* Problem *
What you return must be the data below, word for word, without any images.

* Source material *
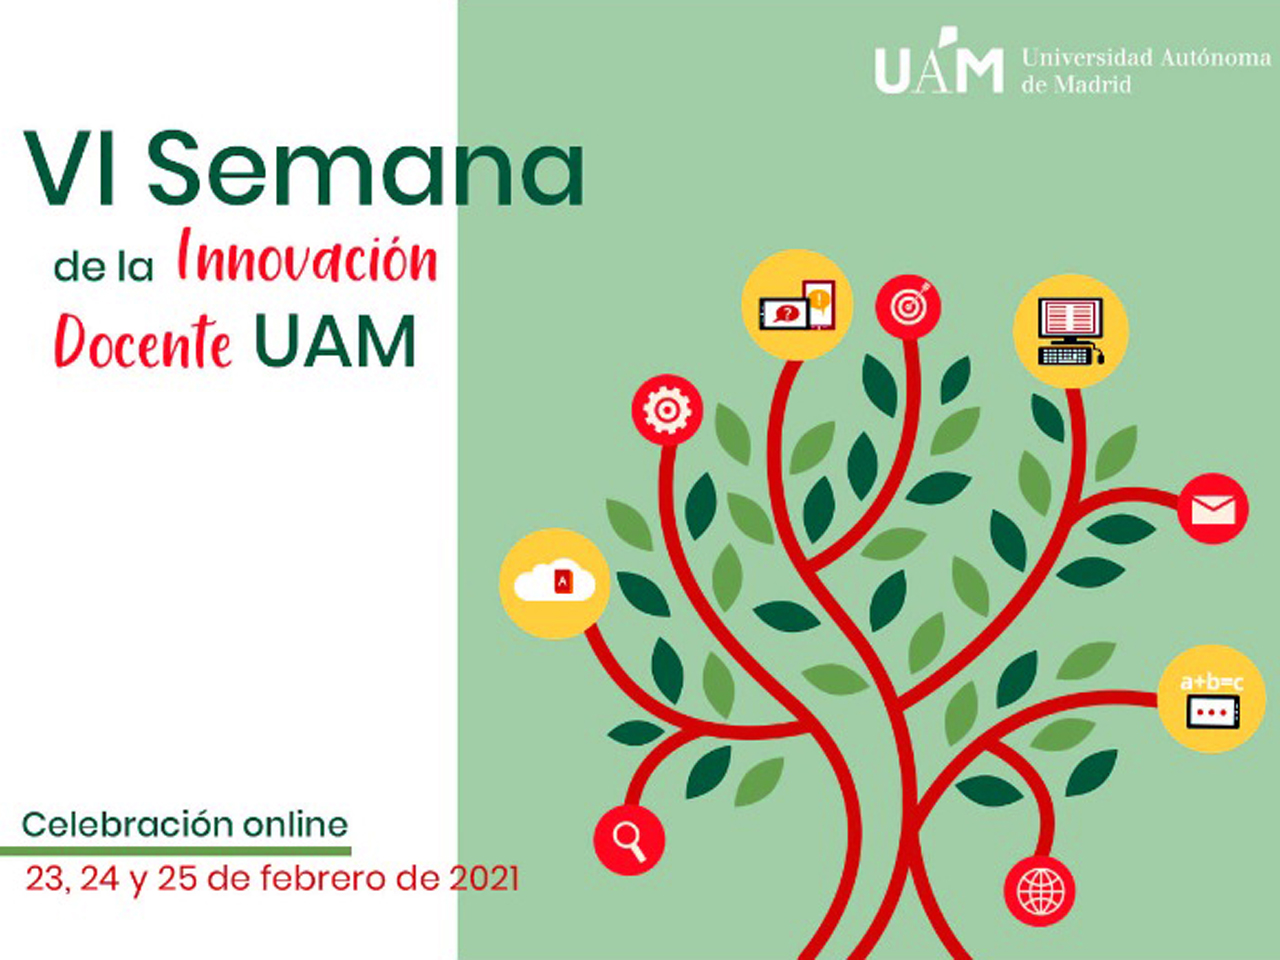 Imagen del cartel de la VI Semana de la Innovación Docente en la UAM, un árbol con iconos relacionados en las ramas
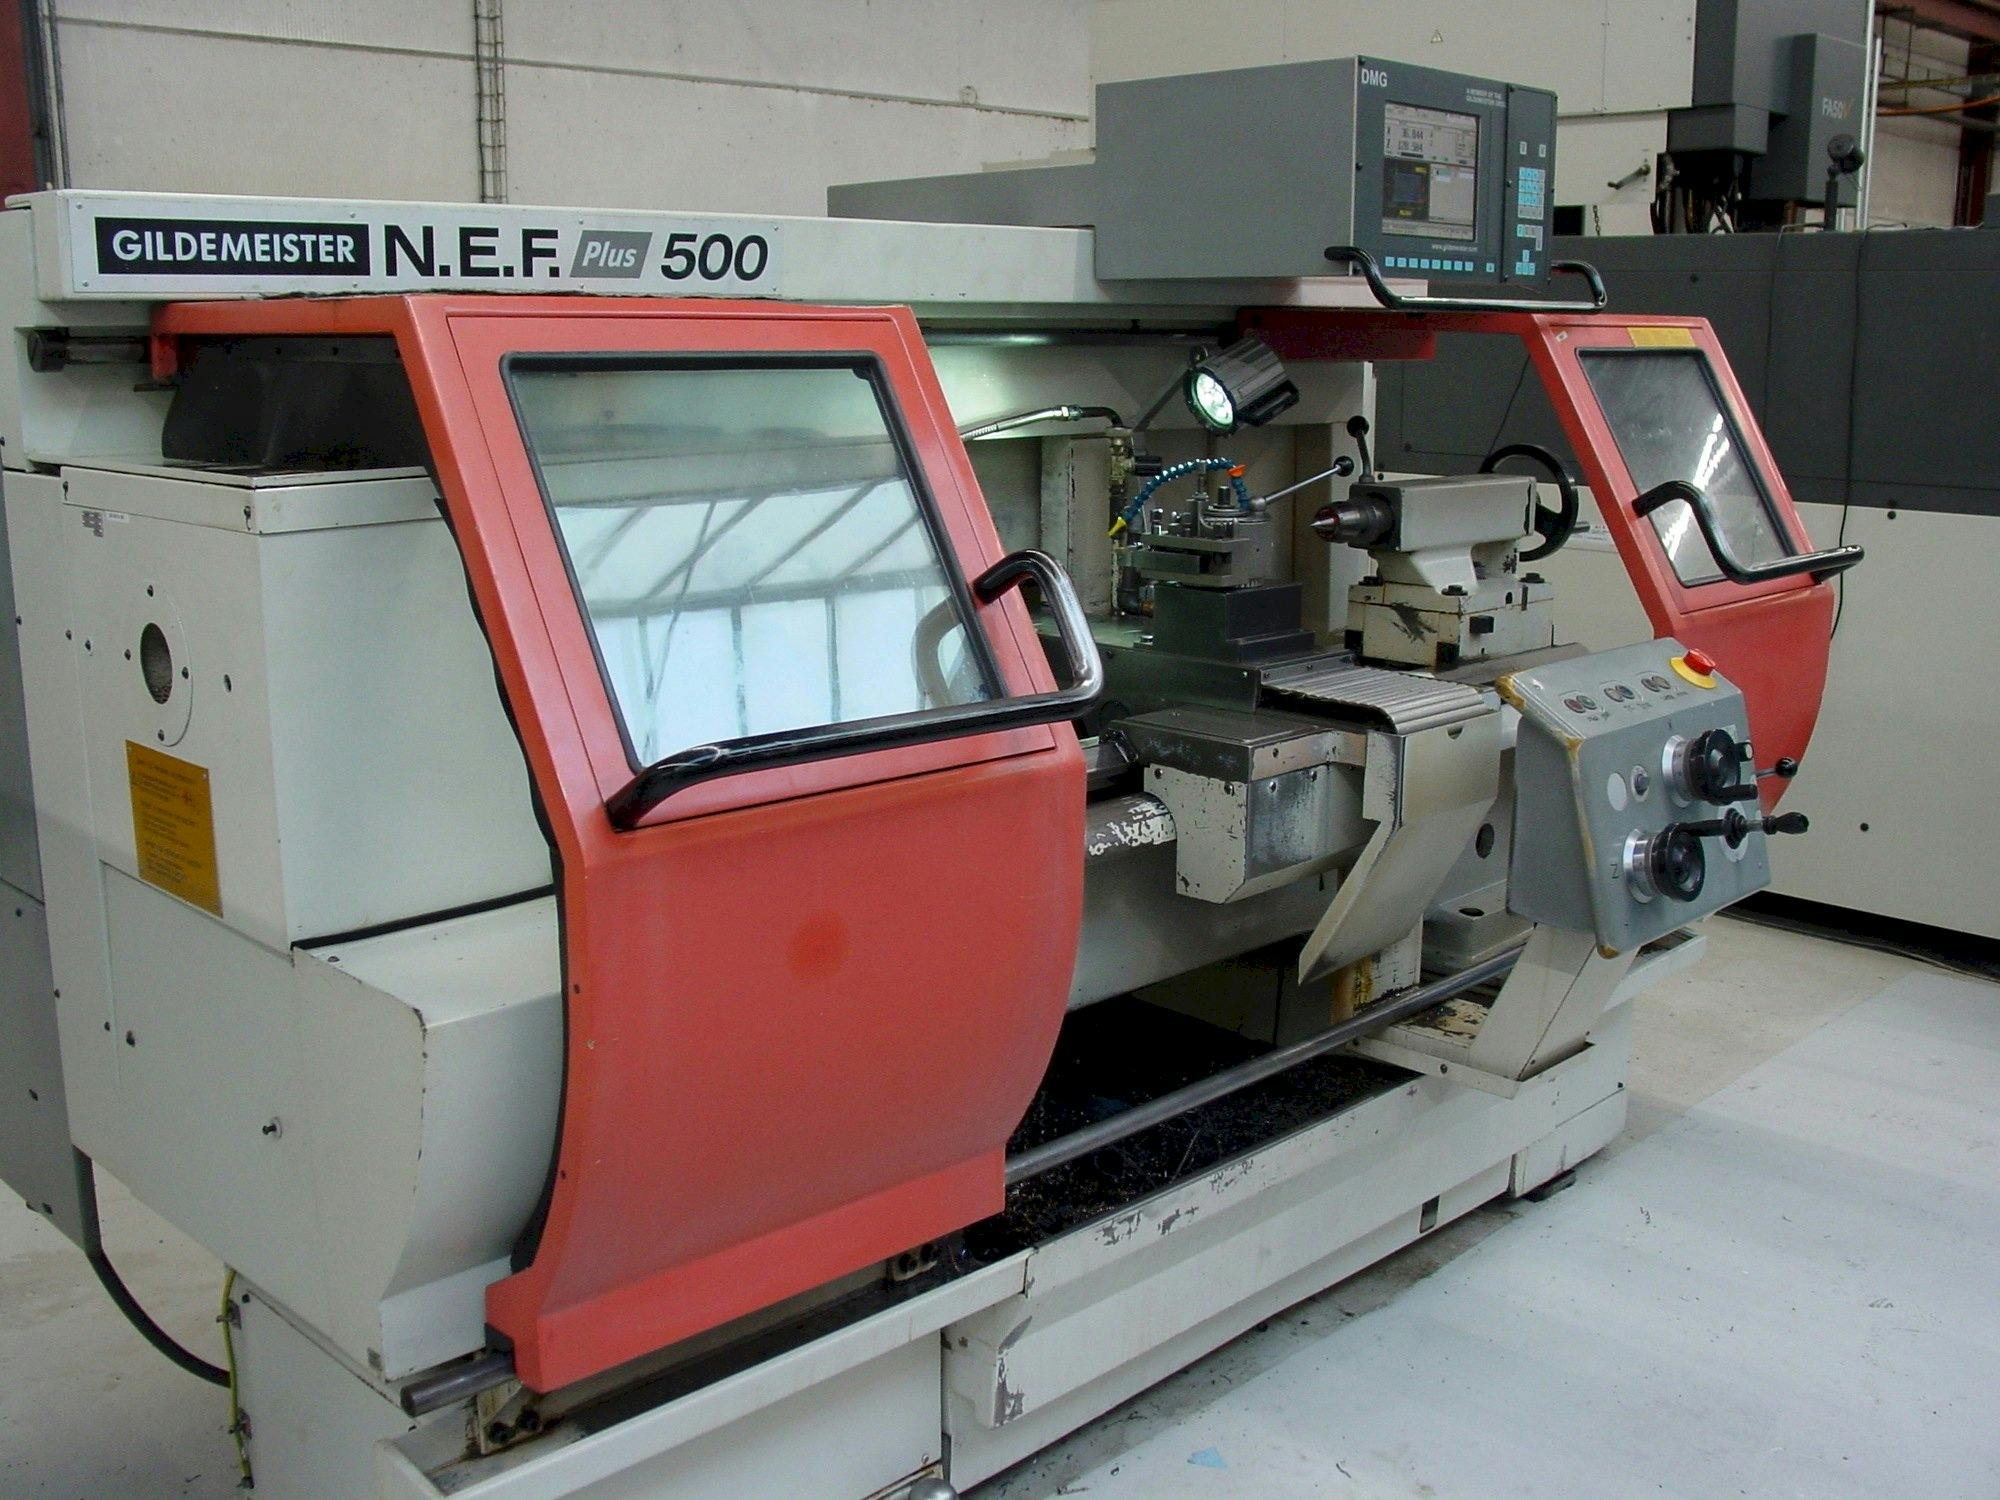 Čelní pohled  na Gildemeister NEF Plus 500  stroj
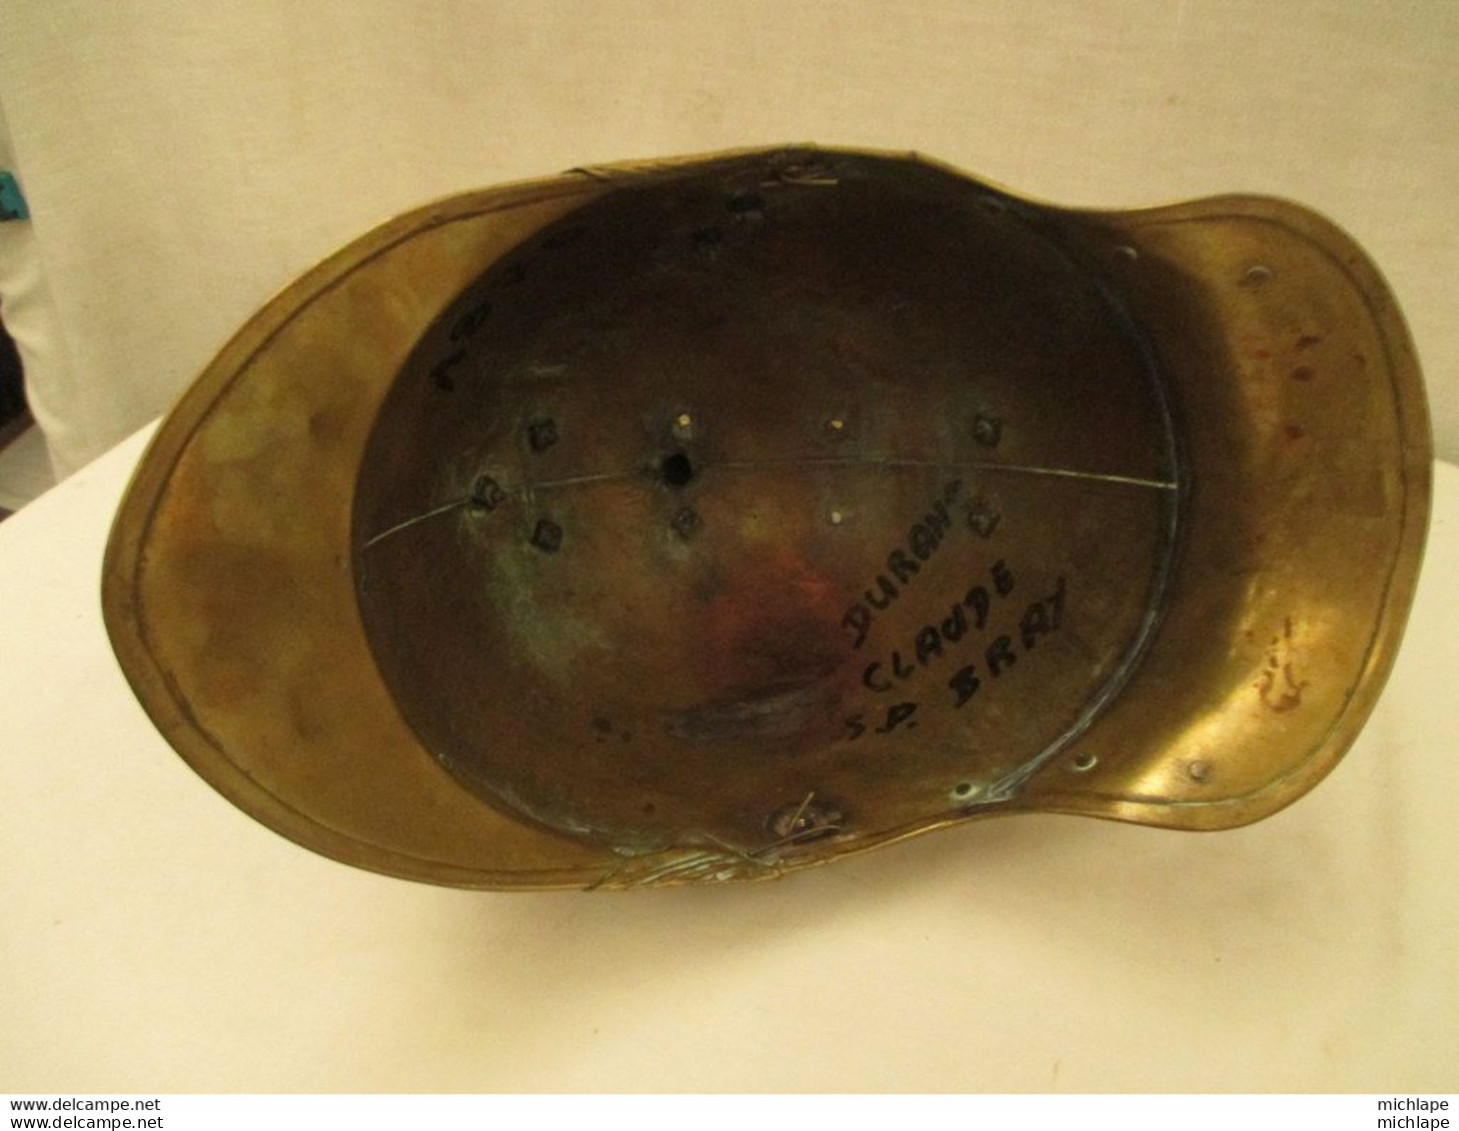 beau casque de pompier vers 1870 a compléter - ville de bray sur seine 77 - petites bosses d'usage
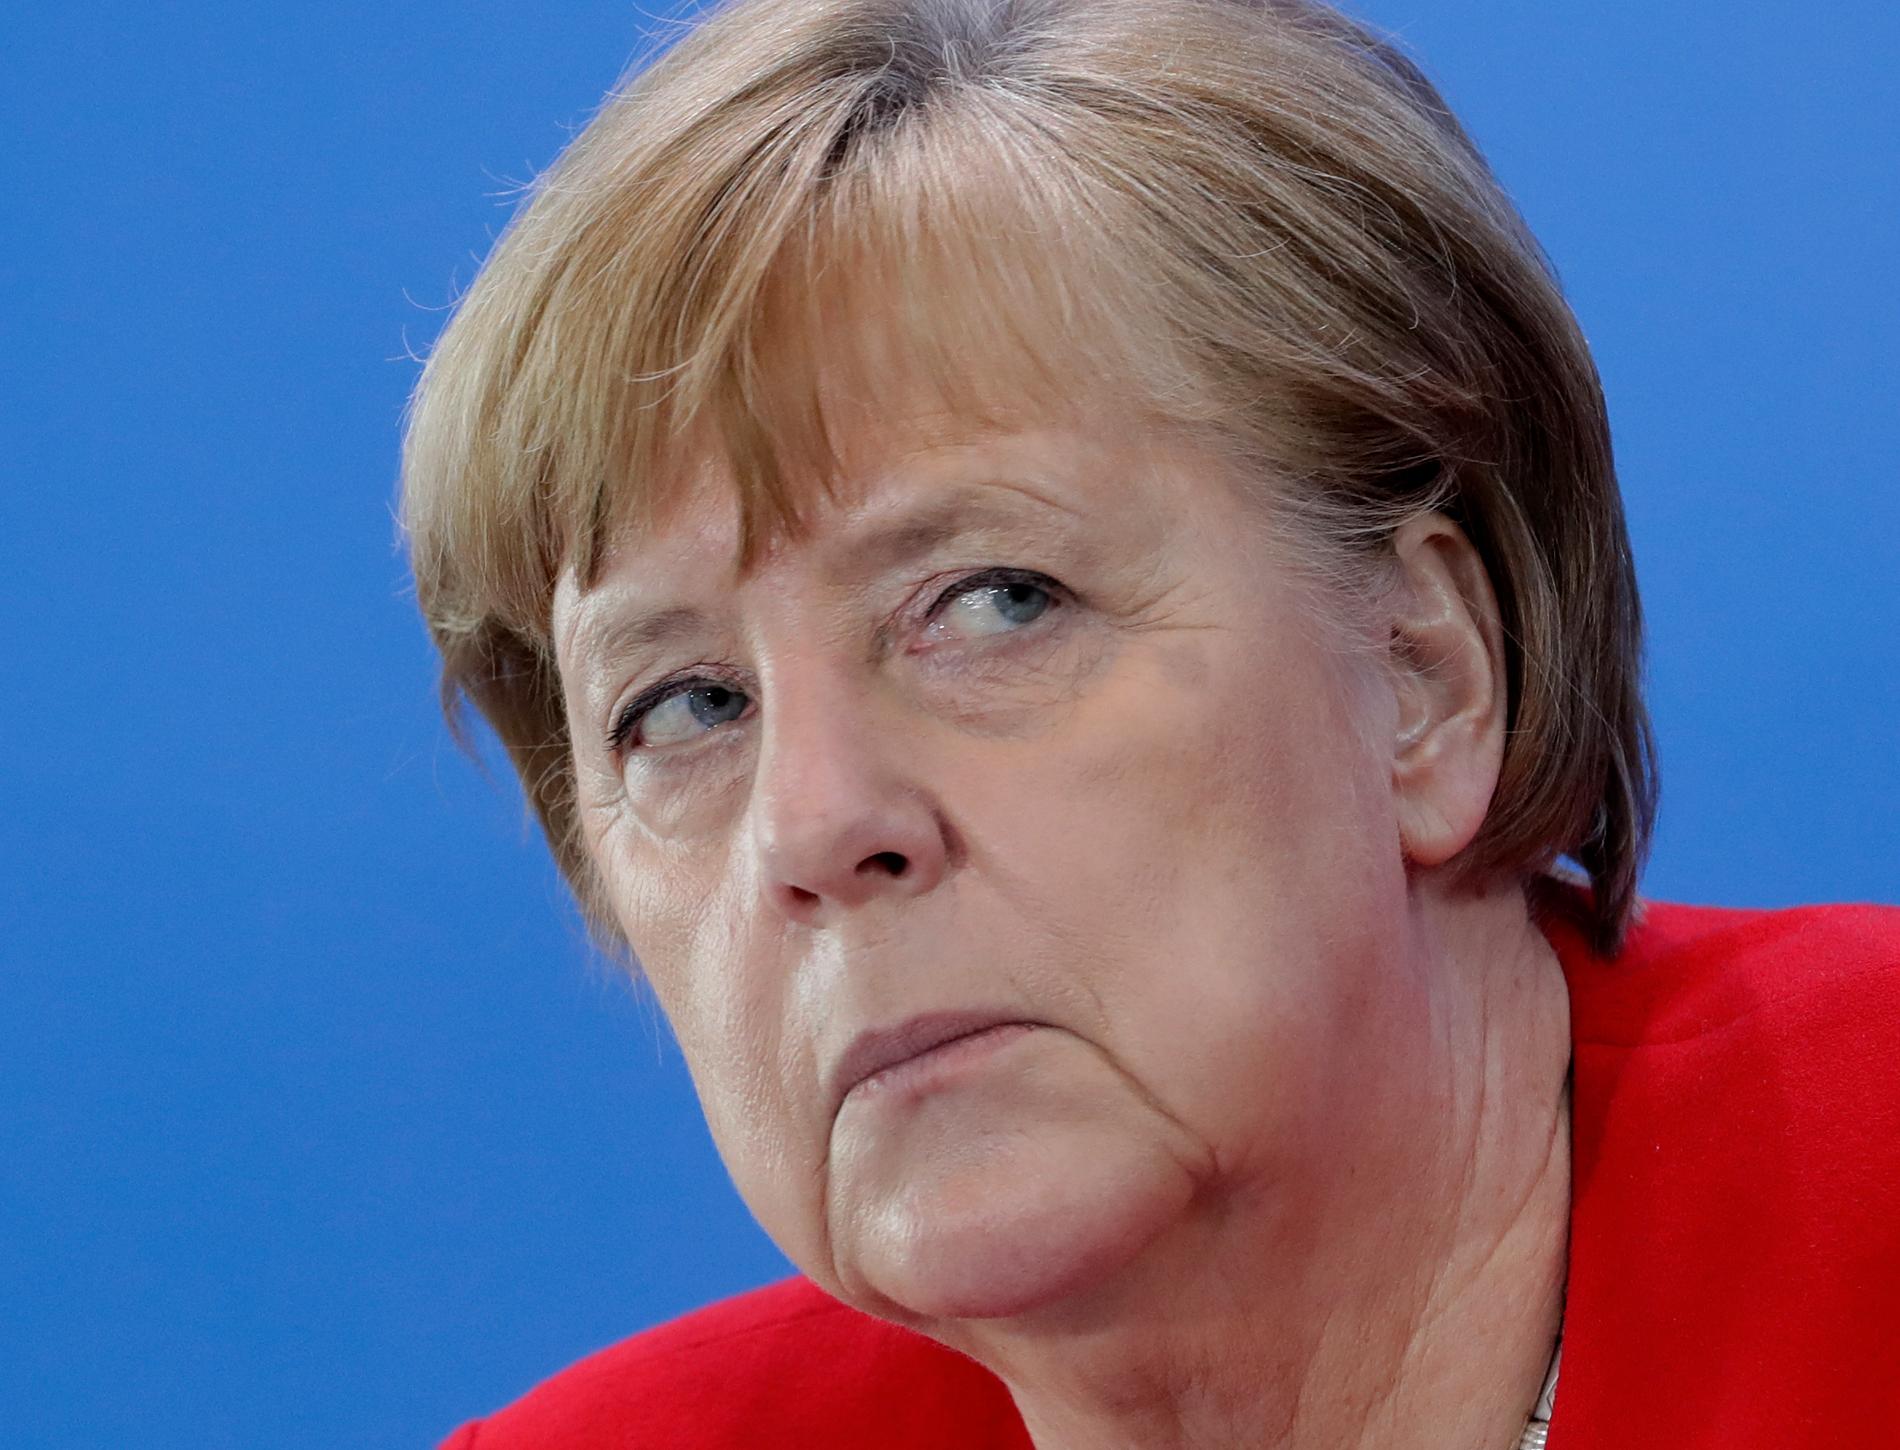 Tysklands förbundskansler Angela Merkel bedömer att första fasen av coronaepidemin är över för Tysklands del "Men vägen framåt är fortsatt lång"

* Result below *
 Imagen del cartel de la VI Semana de la Innovación Docente en la UAM, un árbol con iconos relacionados en las ramas
 Čelní pohled  na Gildemeister NEF Plus 500  stroj
 beau casque de pompier vers 1870 a compléter - ville de bray sur seine 77 - petites bosses d'usage
 Tysklands förbundskansler Angela Merkel bedömer att första fasen av coronaepidemin är över för Tysklands del "Men vägen framåt är fortsatt lång"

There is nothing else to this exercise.